How much of this lack of discussion on proper, Biblical sexuality within the marriage relationship stems from the fact that most people are simply afraid of talking about it? Therefore, they limit the message to “No sex before marriage,” and, perhaps unwittingly, turn their gaze towards the teen girls when they utter this proclamation.

Tyler is a pastor in Olympia, WA and works in State government.

[Susan R]

Perhaps part of the problem is this constant emphasis on women as sexual conquests instead of as fellow human beings. I think it has already been noted that sex is preached and discussed in churches in a way that makes it sound shameful, disgusting, abomination, etc.. and then all of the sudden it’s not just OK, it’s supposed to be wonderful. This same preaching and teaching also leads to young men reducing women to sexual objects as well…

I’ve had many conversations with young men whose Future Wife Wish List was limited to cooking, taking care of the home and the children, and taking care of him. No mention of her as a person, merely as maid, nanny, and sex object. And then they get married, and lo and behold, that is how they treat her.

Susan, I would suggest the guy’s fascination with conjugal intimacy is less about viewing his wife as a “sexual conquest” or “non-person” than it is about being a young guy with testosterone oozing out of his ears and finally given the green light to enjoy sexual pleasure. So, I wouldn’t necessarily frame this dynamic in terms of power (though many do) but in terms of biology. Most men want to have sex as much as possible. They don’t need romantic candlelight dinners, flowers, or Claire de Lune to get in the mood. That is how they are wired from puberty.

That being said, guys are normally the initiators in the sexual encounter (despite what Proverbs may lead one to conclude). But, it’s most often the woman who decides whether sexual intimacy will actually occur. This relationship dynamic is usually true both before and during marriage.
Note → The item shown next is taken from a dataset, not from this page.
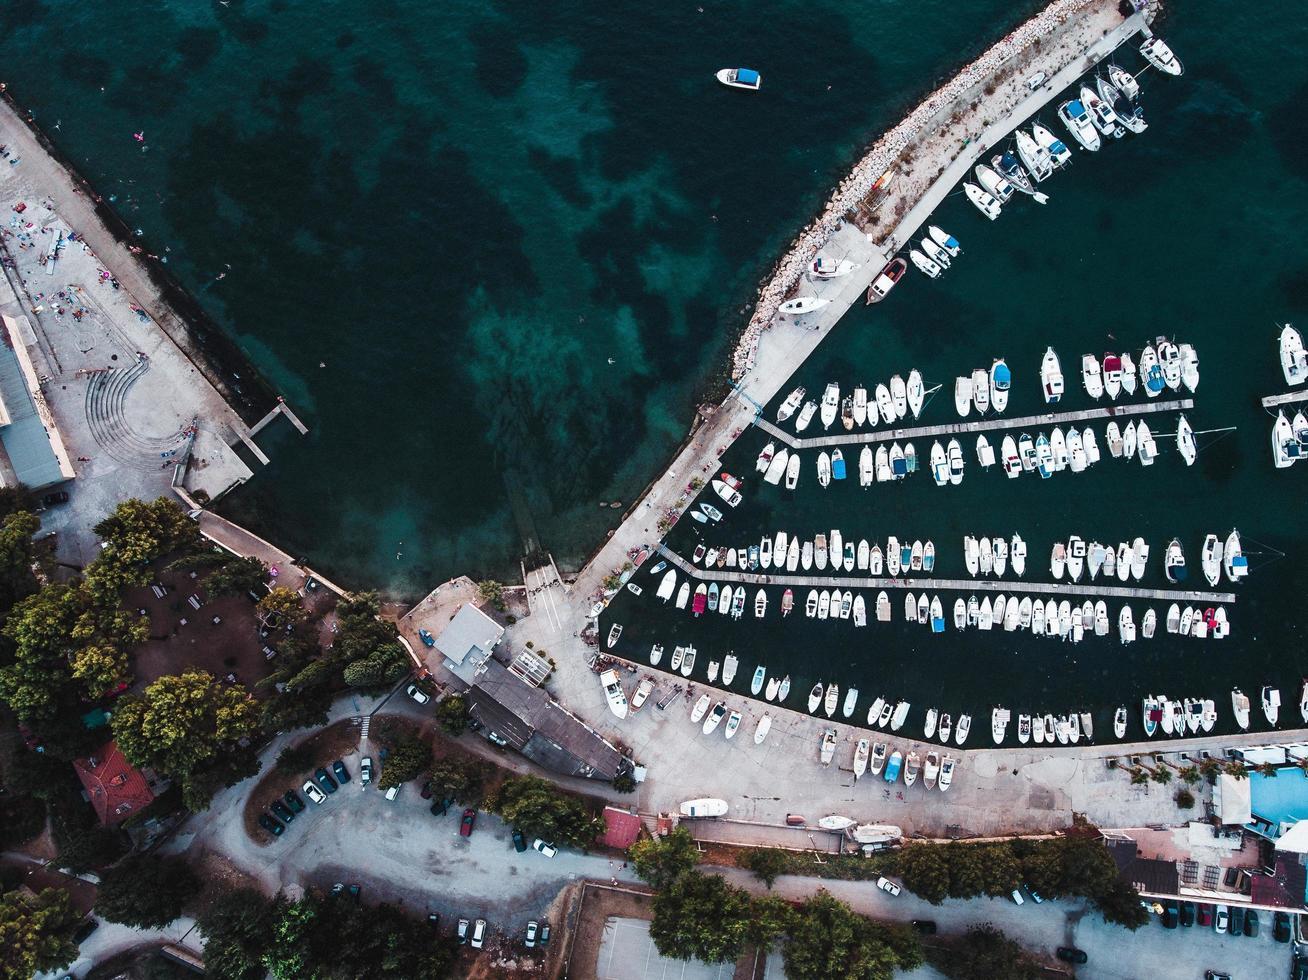 vue aérienne d'un quai de bateau photo

As this relates to our topic, again I believe purity should be emphasized to both genders. However, the reality is that women are the ones who ultimately decide if the relationship turns sexual.

Why are the husbands the only ones who initiate it? My thinking is that maybe the husbands need to figure out how to be a bit more sensitive to what their wives want. Instead of always trying to get what they want give her what she wants and then maybe the wives would initiate it. This is a Biblical issue- husbands love your wives- dwell with them according to knowledge. In other words if we learn to show love for them in the sexual relationship, then we should not be surprised if they initiate something that will bring them pleasure.

Further, I must confront the terribly flawed thinking that the girl has to be the one to put on the brakes because the boy will never stop. If our Christian single men are that depraved, we need to start preaching at them and holding them accountable for their actions instead of just suggesting that they are a lost cause so the girl has to take responsibility. Both are responsible. Both need to be taught to put the brakes on.